■ Directions
Set down each entry exactly as given; pictures should not appear in the copy.

■ Extracted records
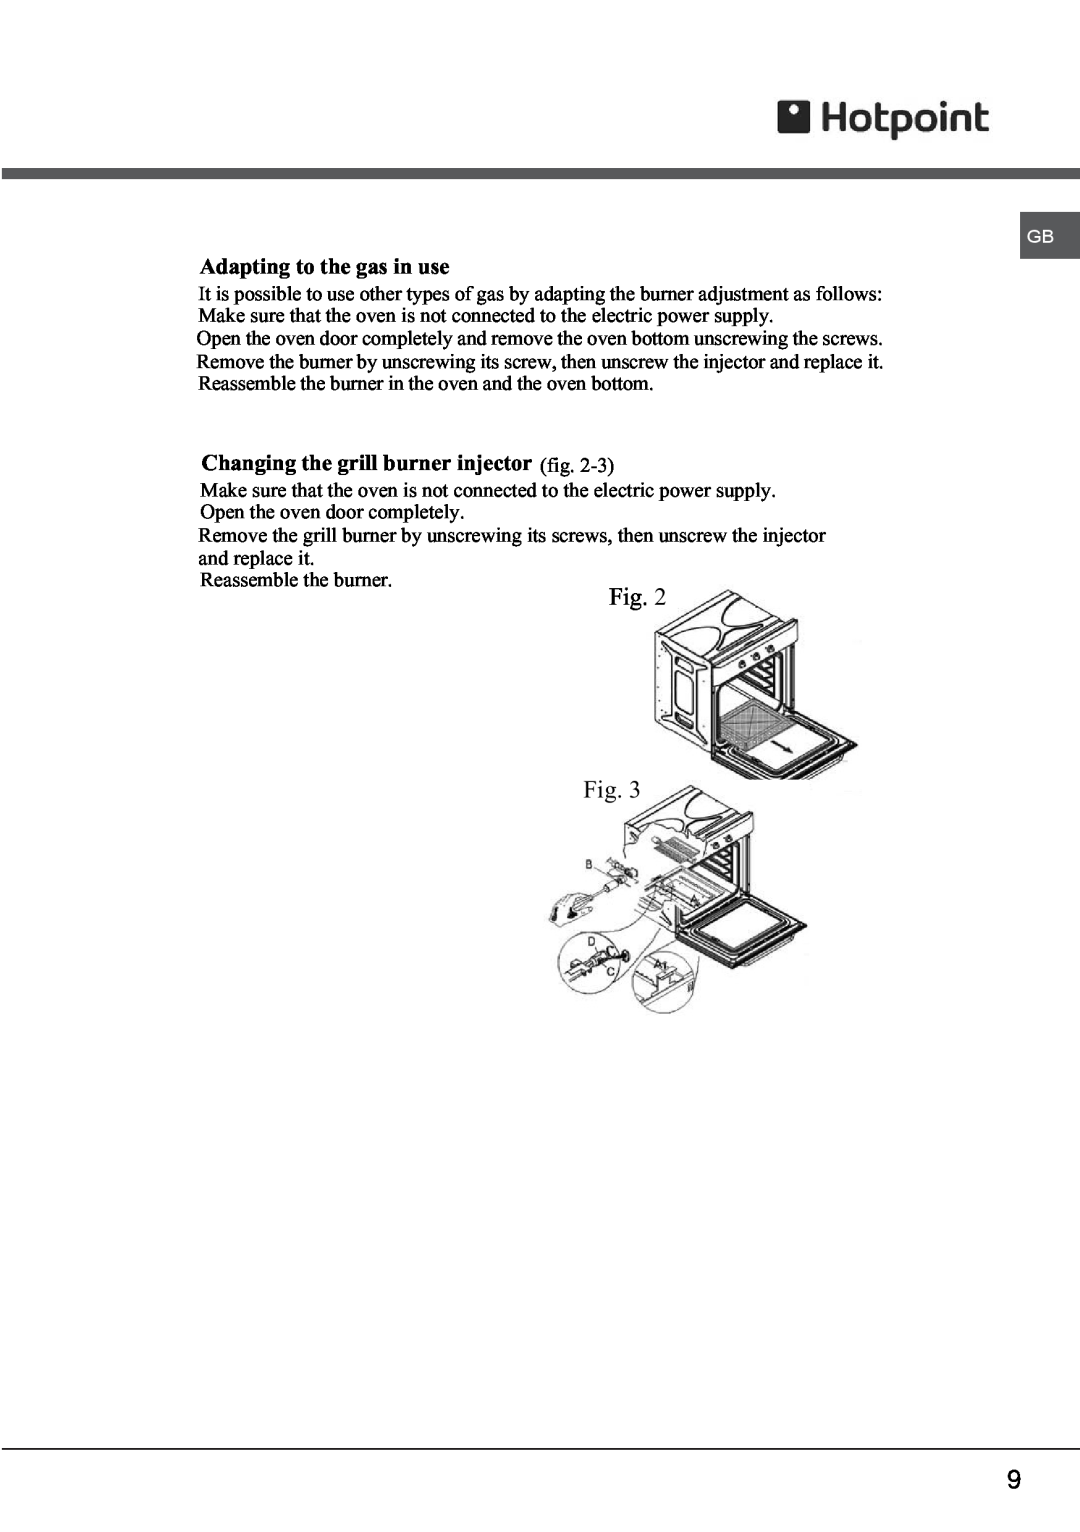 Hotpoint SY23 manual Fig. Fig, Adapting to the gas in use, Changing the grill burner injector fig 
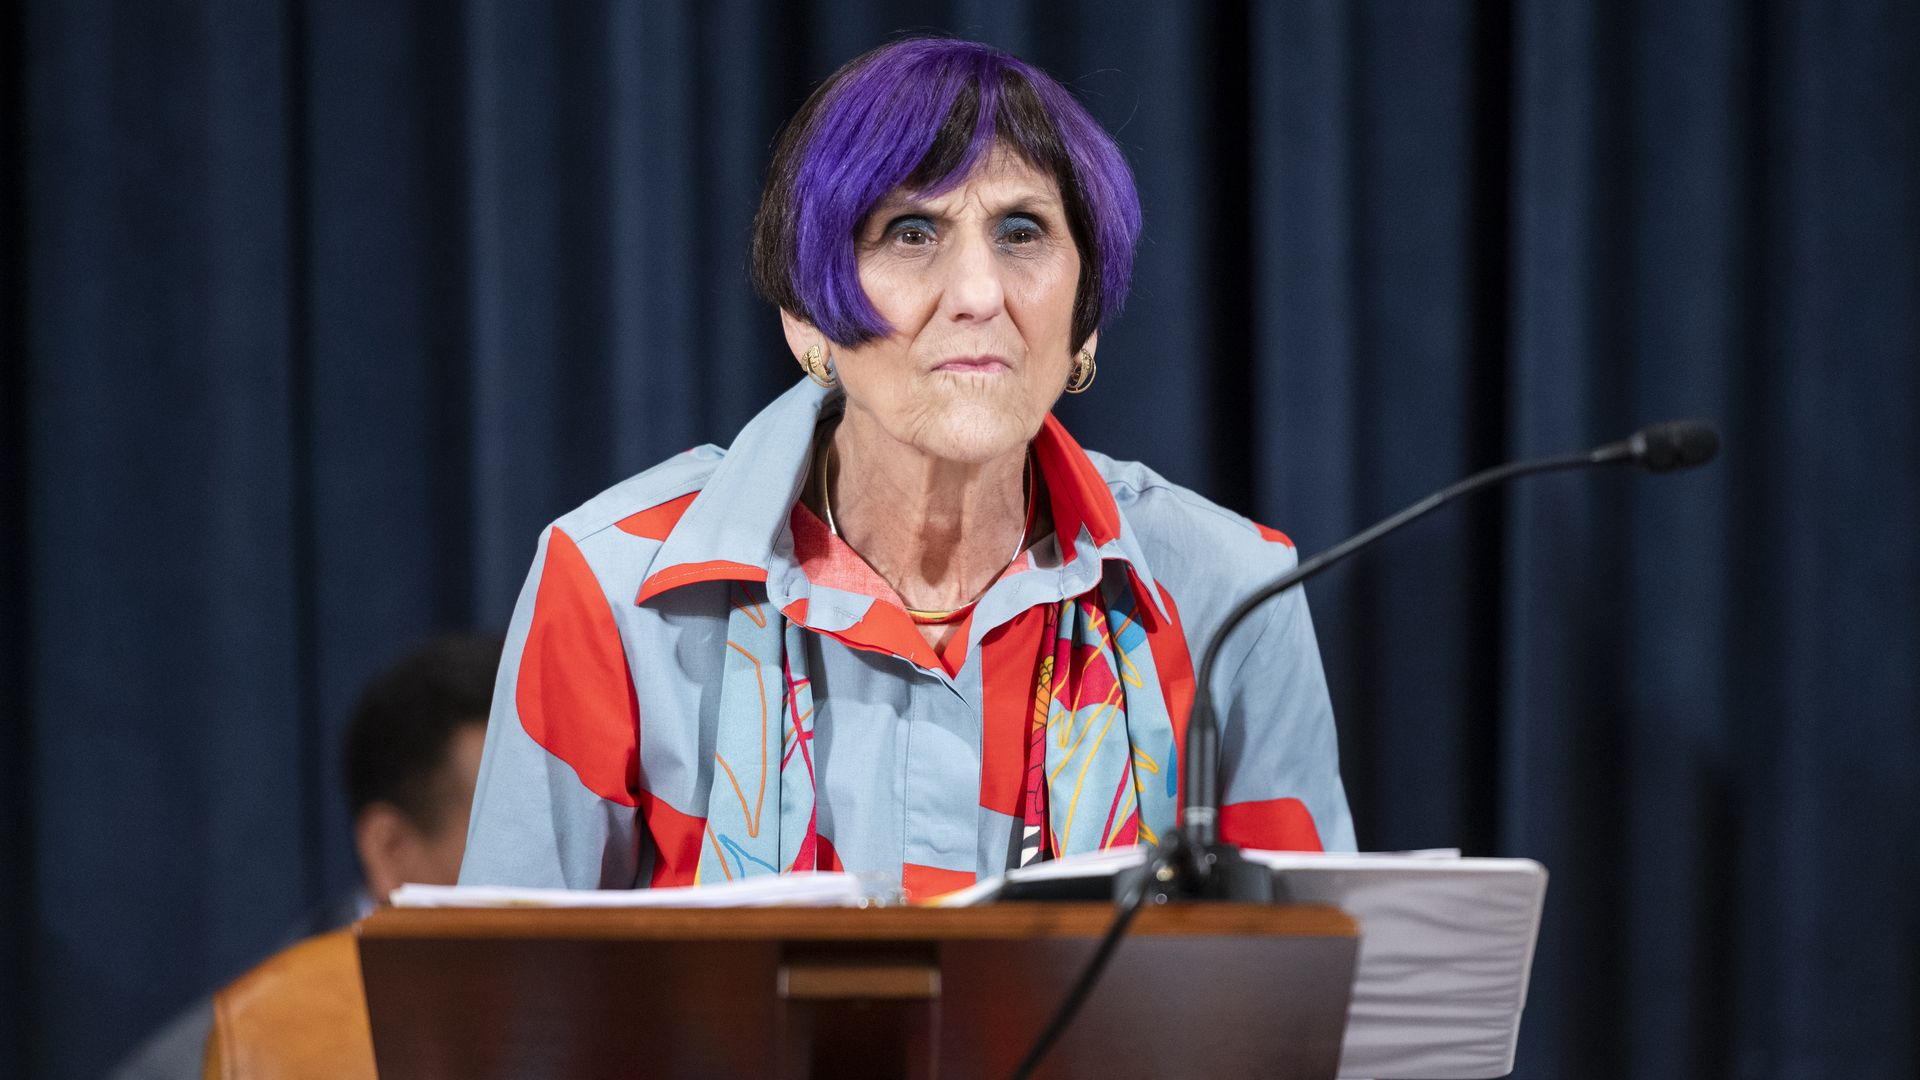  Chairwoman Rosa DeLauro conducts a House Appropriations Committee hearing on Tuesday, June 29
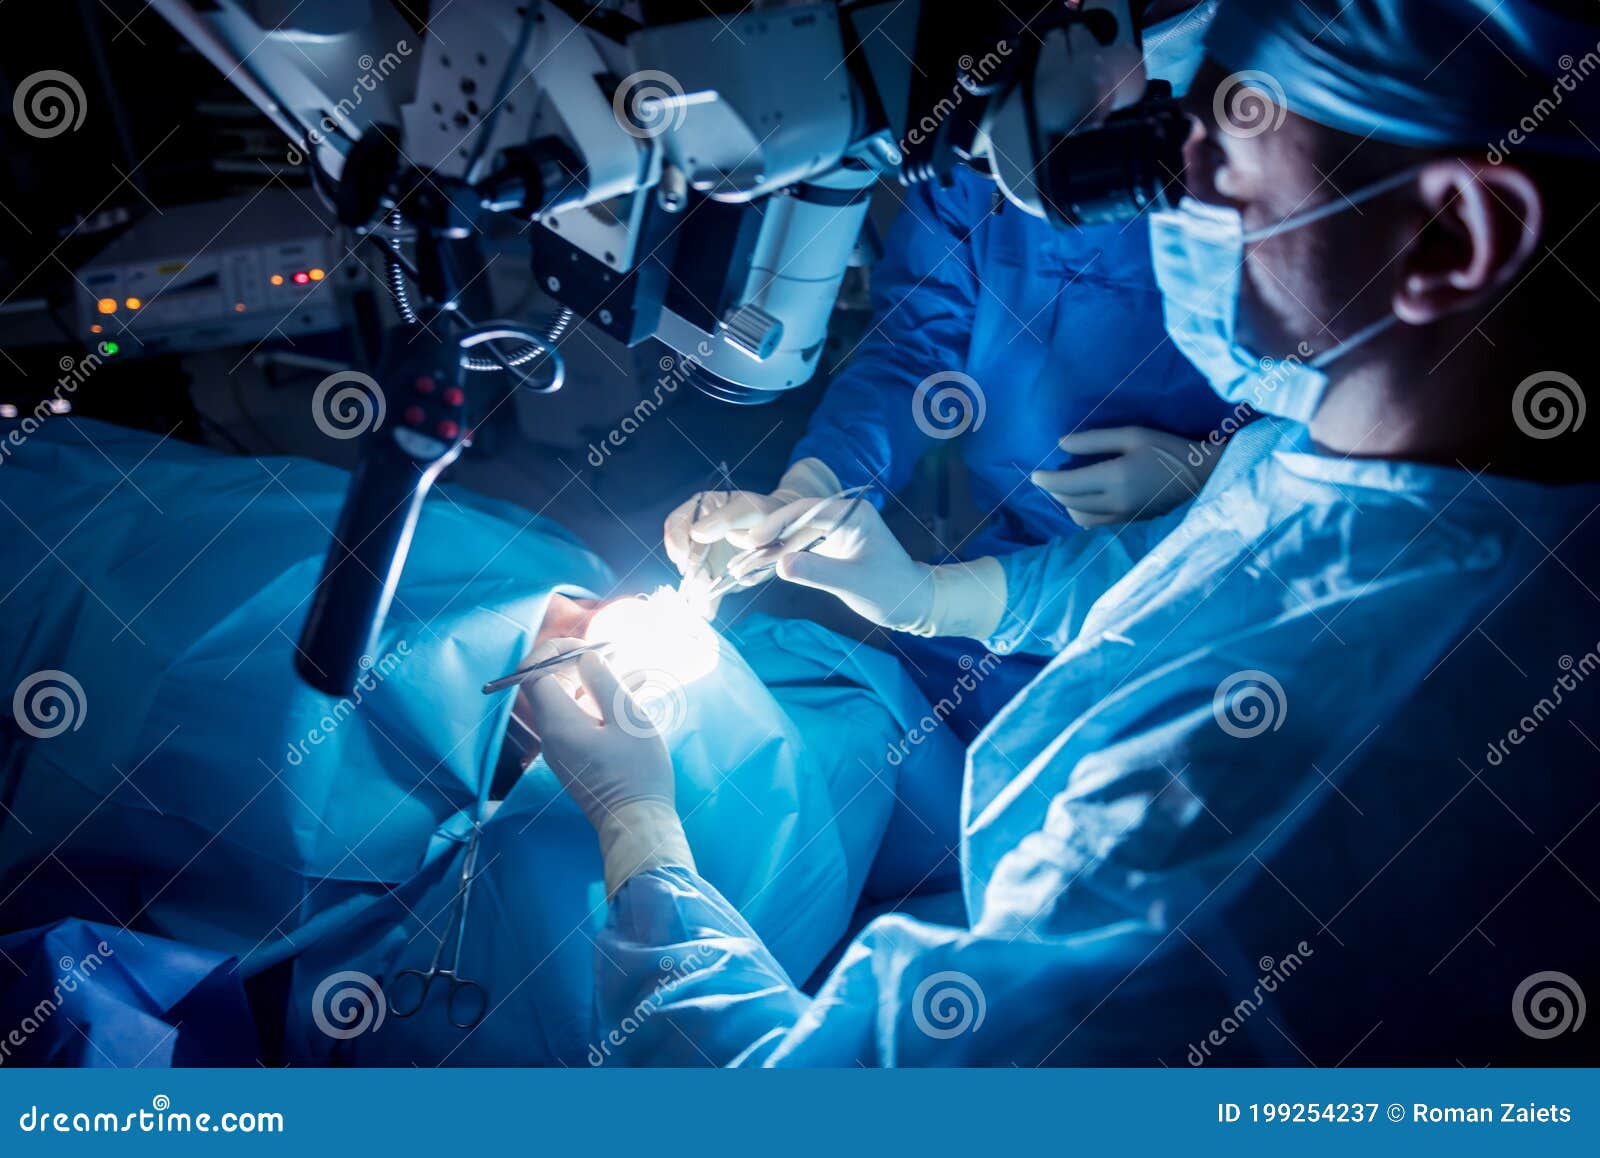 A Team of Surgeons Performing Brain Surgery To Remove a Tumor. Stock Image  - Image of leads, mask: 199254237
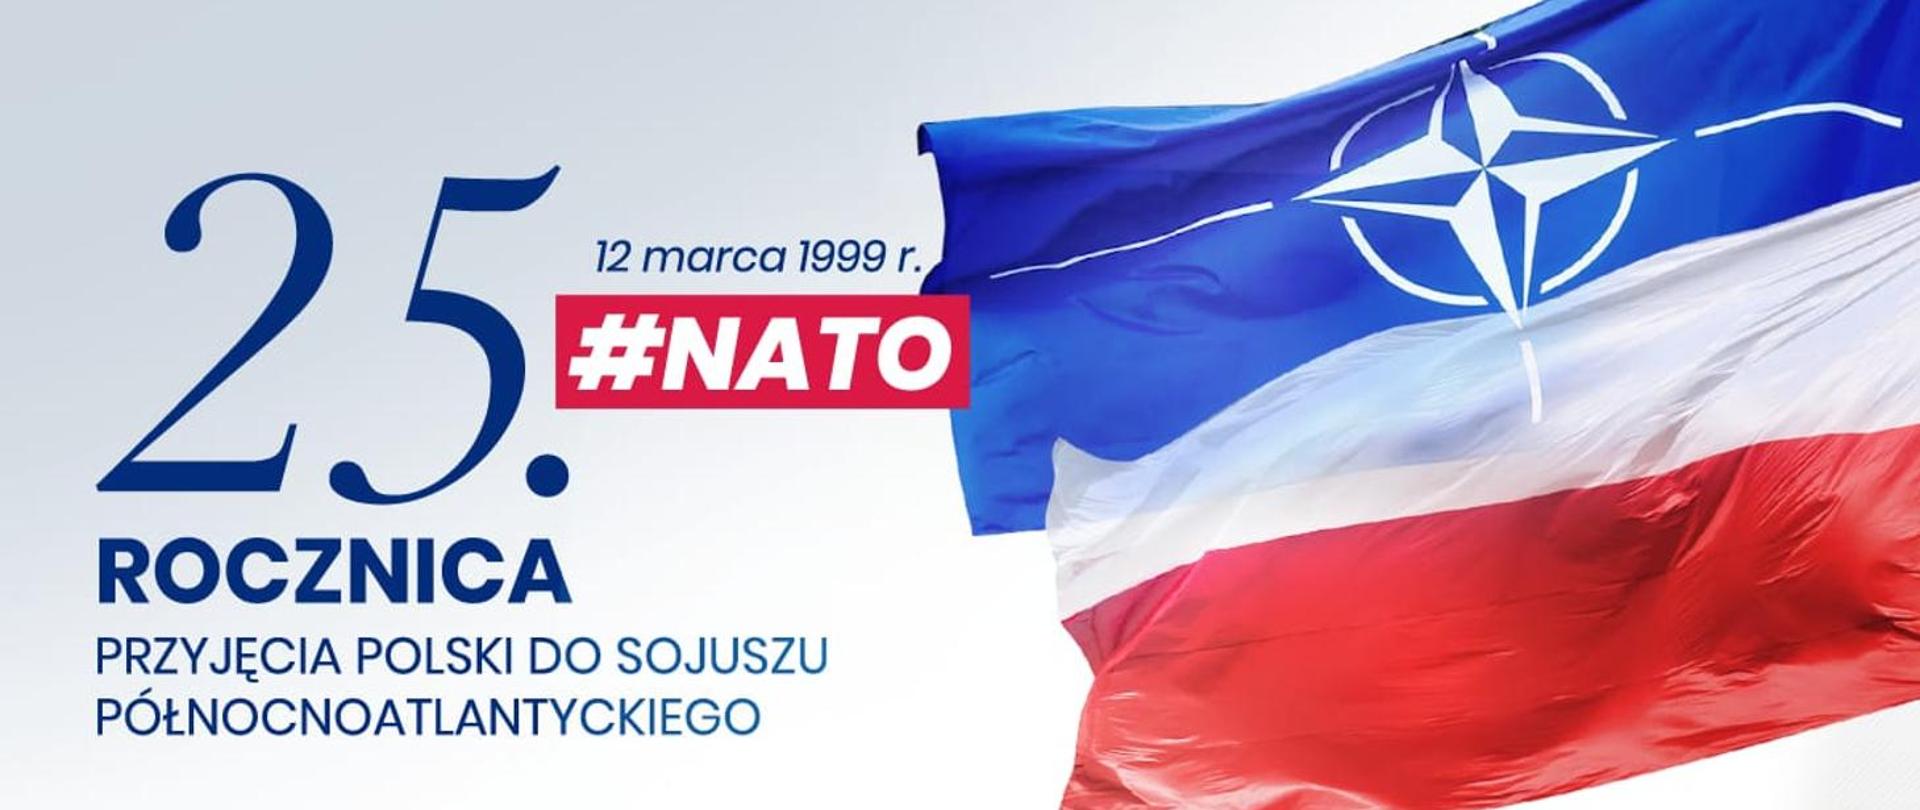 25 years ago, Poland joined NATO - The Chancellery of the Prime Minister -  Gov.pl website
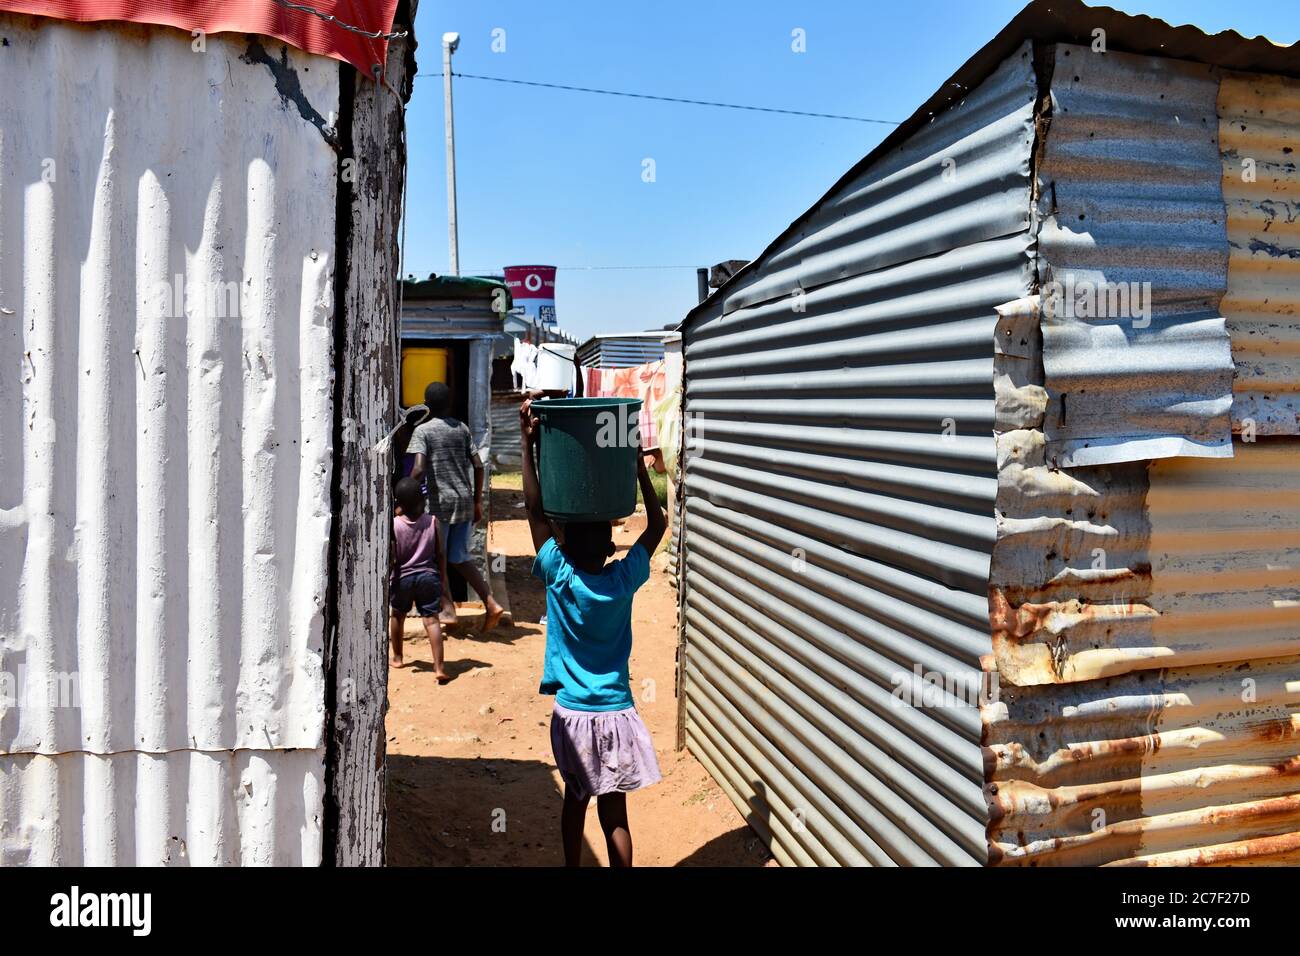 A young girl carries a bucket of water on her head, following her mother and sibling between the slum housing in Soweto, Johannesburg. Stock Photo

■ Reply to the task
 Hotpoint SY23 manual Fig. Fig, Adapting to the gas in use, Changing the grill burner injector fig 
  Chairwoman Rosa DeLauro conducts a House Appropriations Committee hearing on Tuesday, June 29
 A Team of Surgeons Performing Brain Surgery To Remove a Tumor. Stock Image  - Image of leads, mask: 199254237
 25 years ago, Poland joined NATO - The Chancellery of the Prime Minister -  Gov.pl website
 A young girl carries a bucket of water on her head, following her mother and sibling between the slum housing in Soweto, Johannesburg. Stock Photo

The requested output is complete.